4. Apparatus as claimed in any preceding claim including scanning compensation means for compensating the scanning of the camera tube during alignment correction.

5. A television camera including the apparatus of any preceding claim.

6. A method of correcting electro-optical tube alignment comprising the steps of reducing the tube target bias voltage to produce a measurable shading in the tube image and varying the tube alignment to determine minimum average tube image shading, which is considered to indicate optimum tube alignment.

7. A method as claimed in claim 6, comprising the step of establishing the minimum difference in shading between picture elements from respective corners of the tube image, which condition is considered to indicate minimum average tube image shading.

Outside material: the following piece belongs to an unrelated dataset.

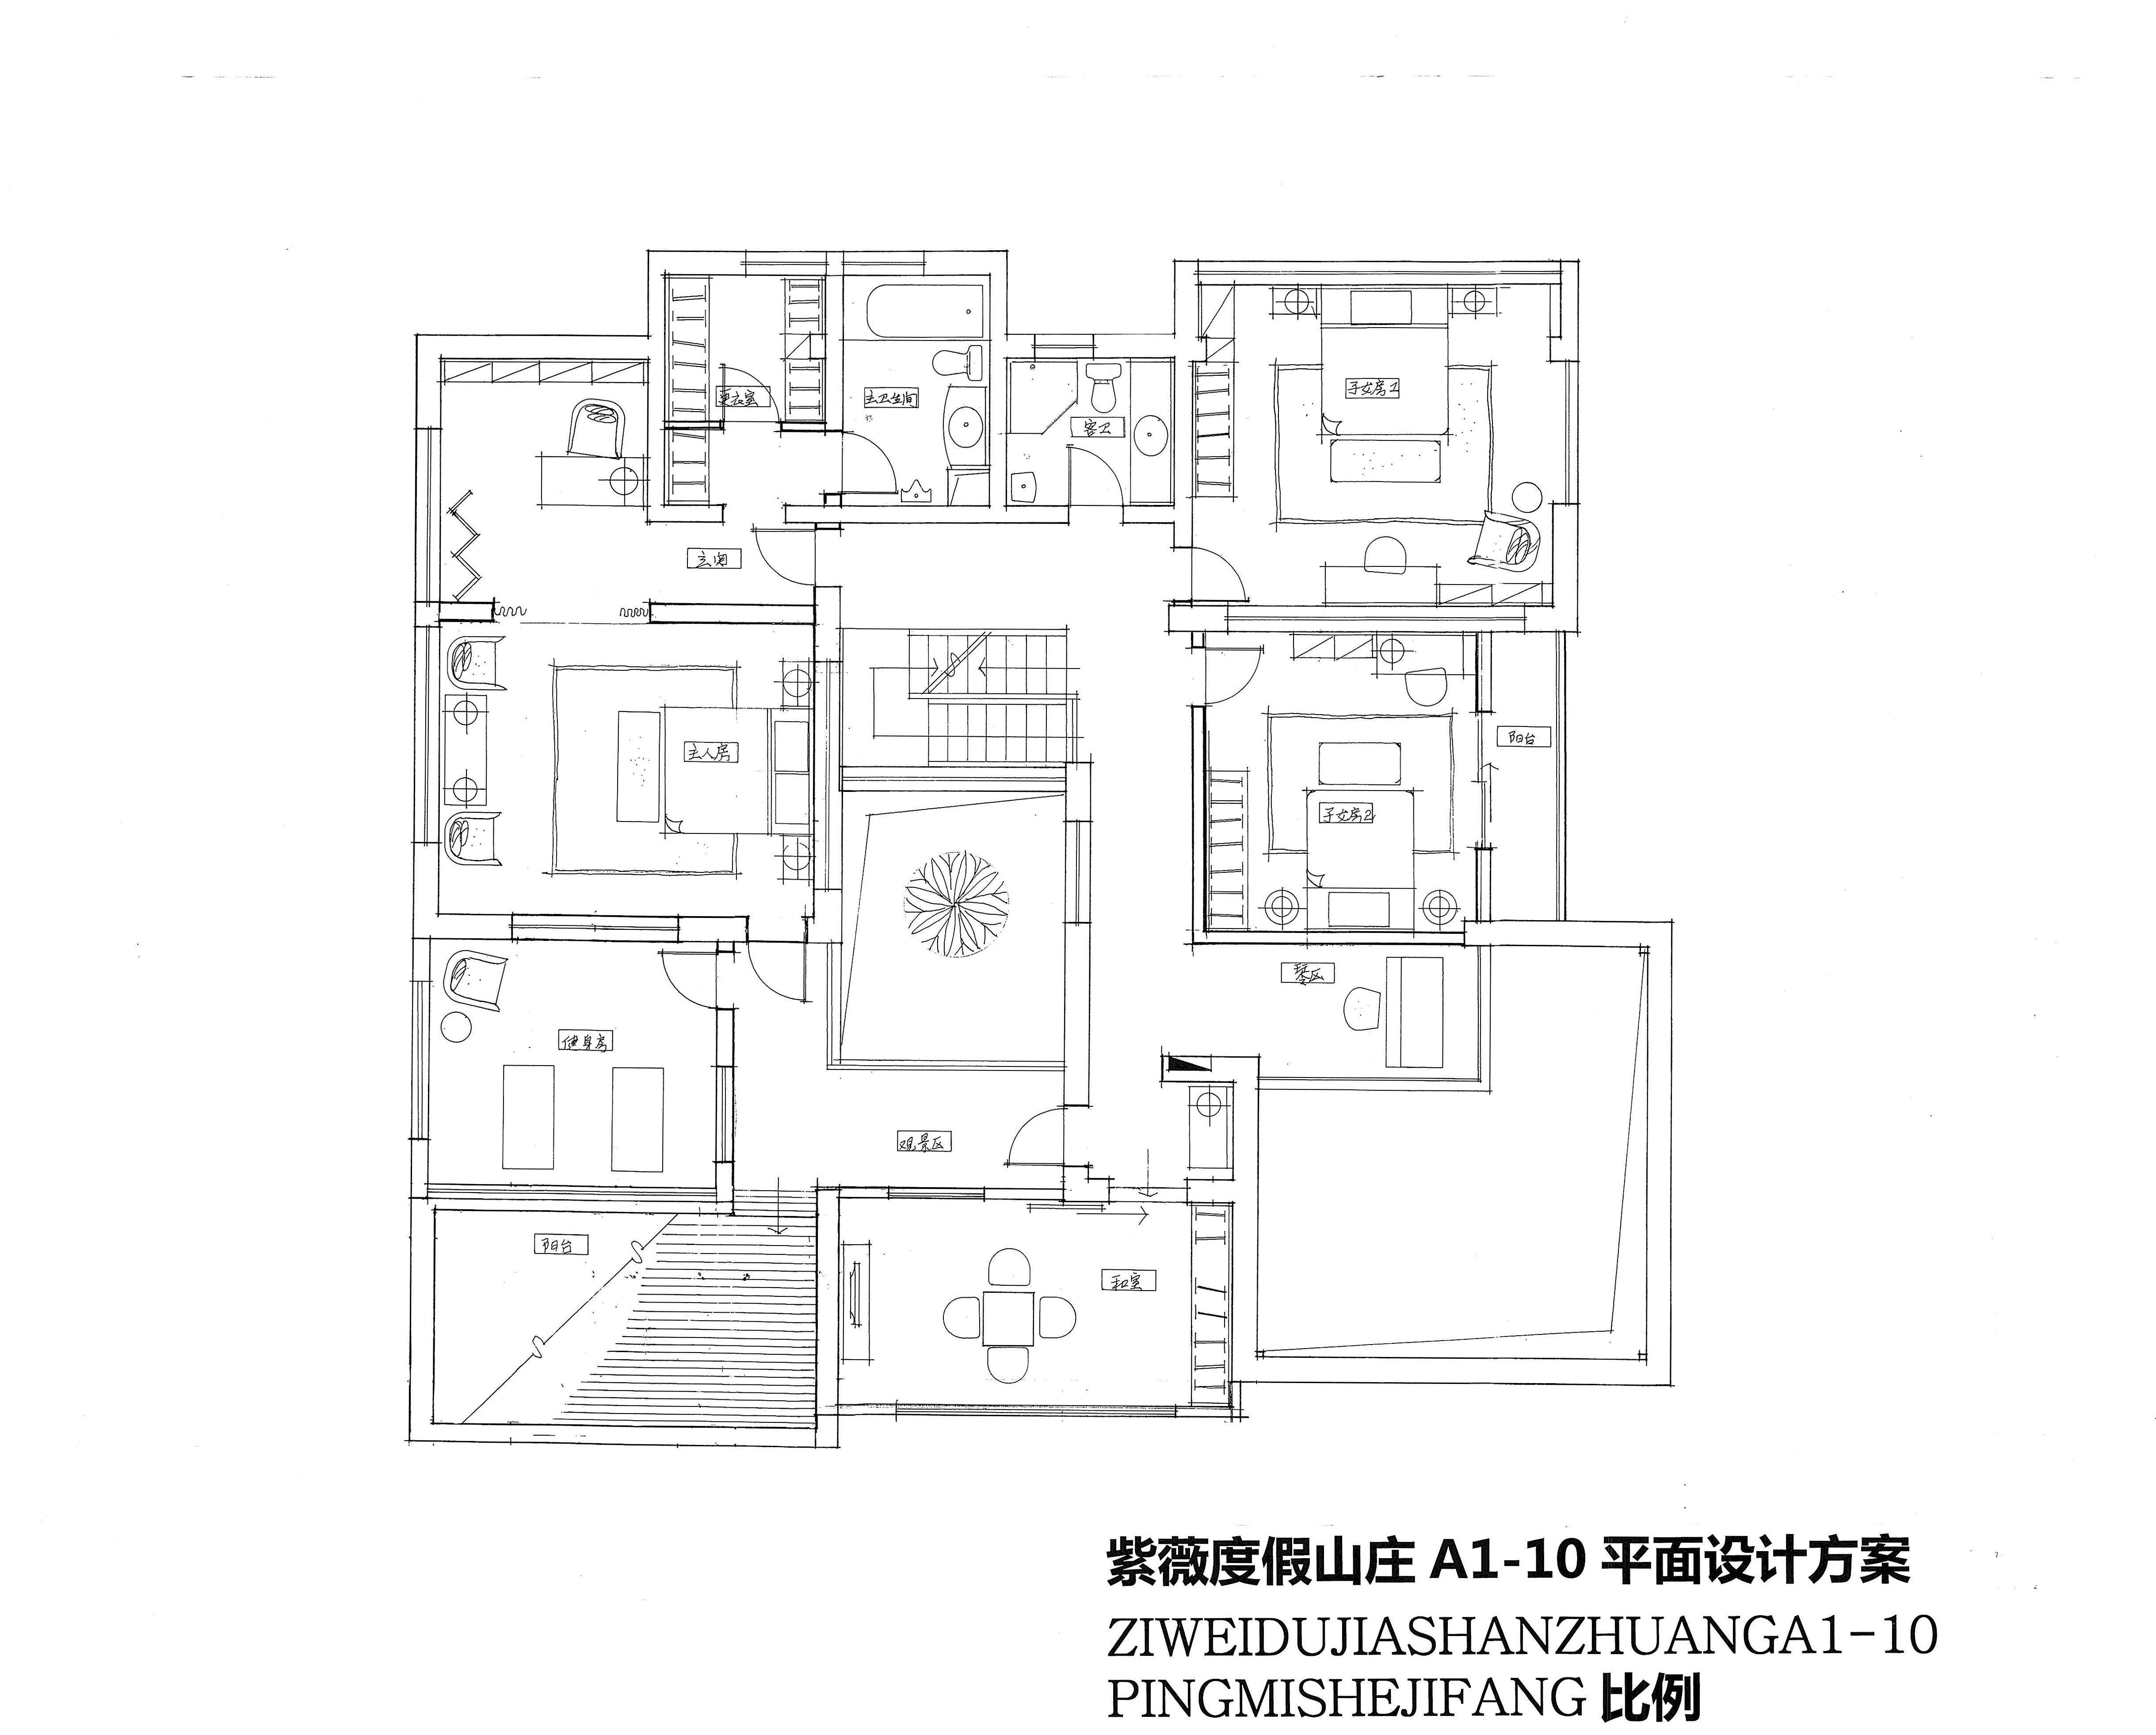 二层平面配置方案
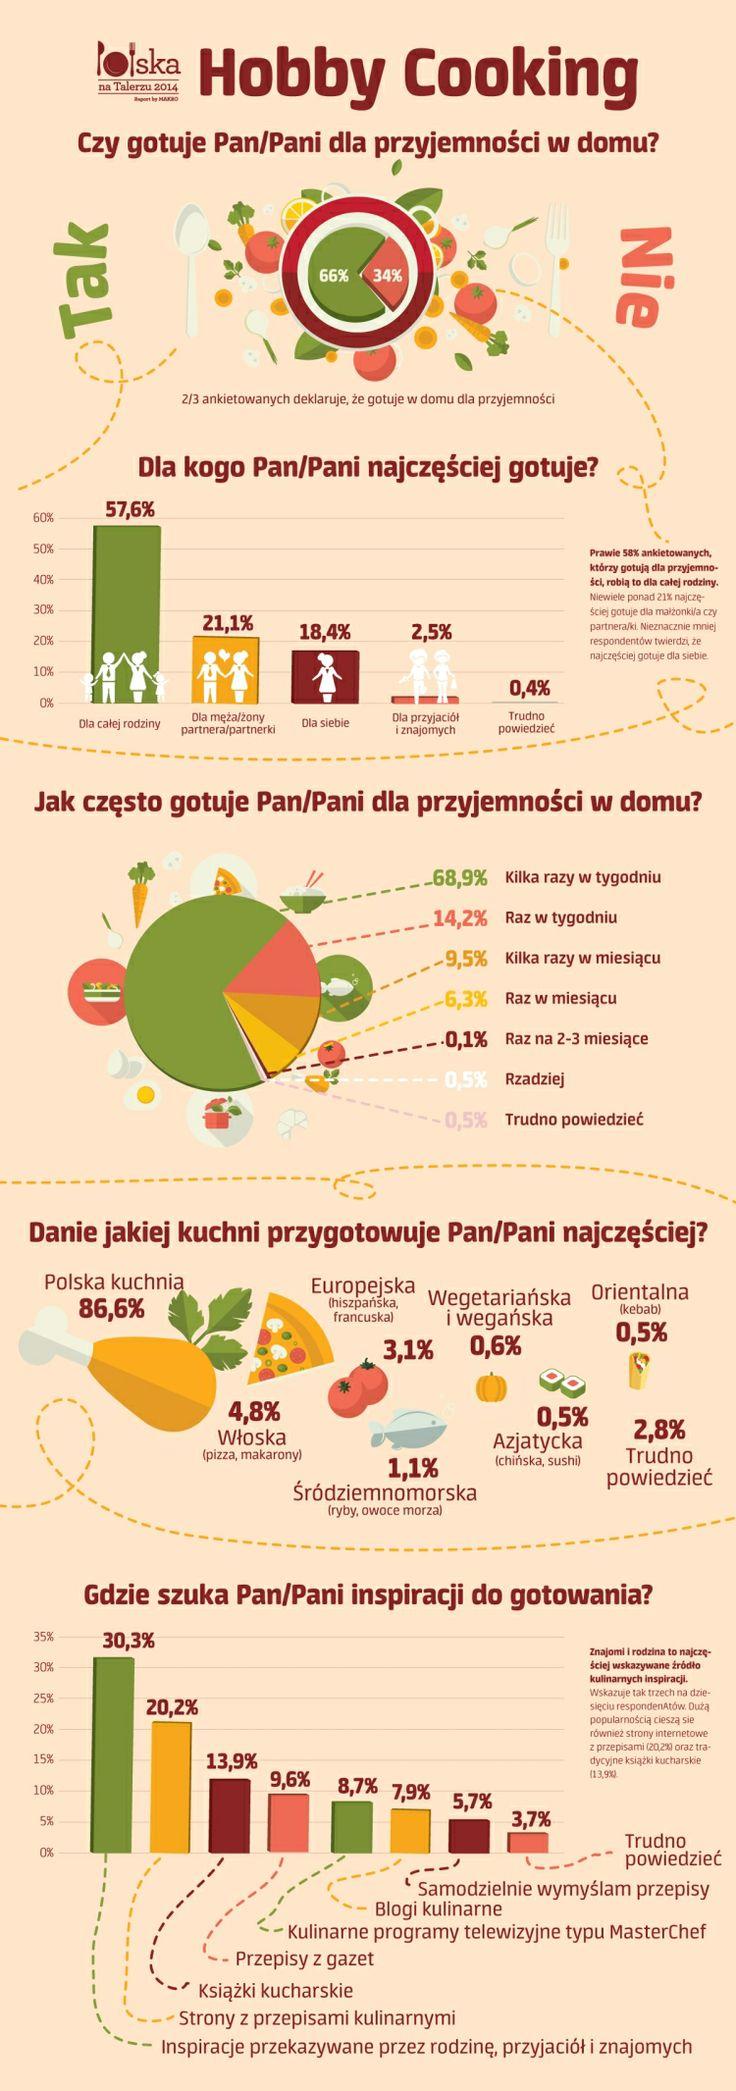 Gotowanie w domu - infografika, statystyki. https://plus.google.com/+Bce-badaniaPl/posts/AQY1ofXxCFD

8. A method as claimed in claim 7, comprising the steps of establishing the minimum difference in shading by varying alignment in one of two mutually perpendicular directions and subsequently determining minimum difference in shading by varying the alignment in the other direction.

9. A method as claimed in any of claims 6 to 8, including the step of compensating the camera tube scanning during alignment correction.

10. Apparatus for correcting electro-optical tube alignment substantially as hereinbefore described.

11. A method of electro-optical camera tube alignment substantially as hereinbefore described.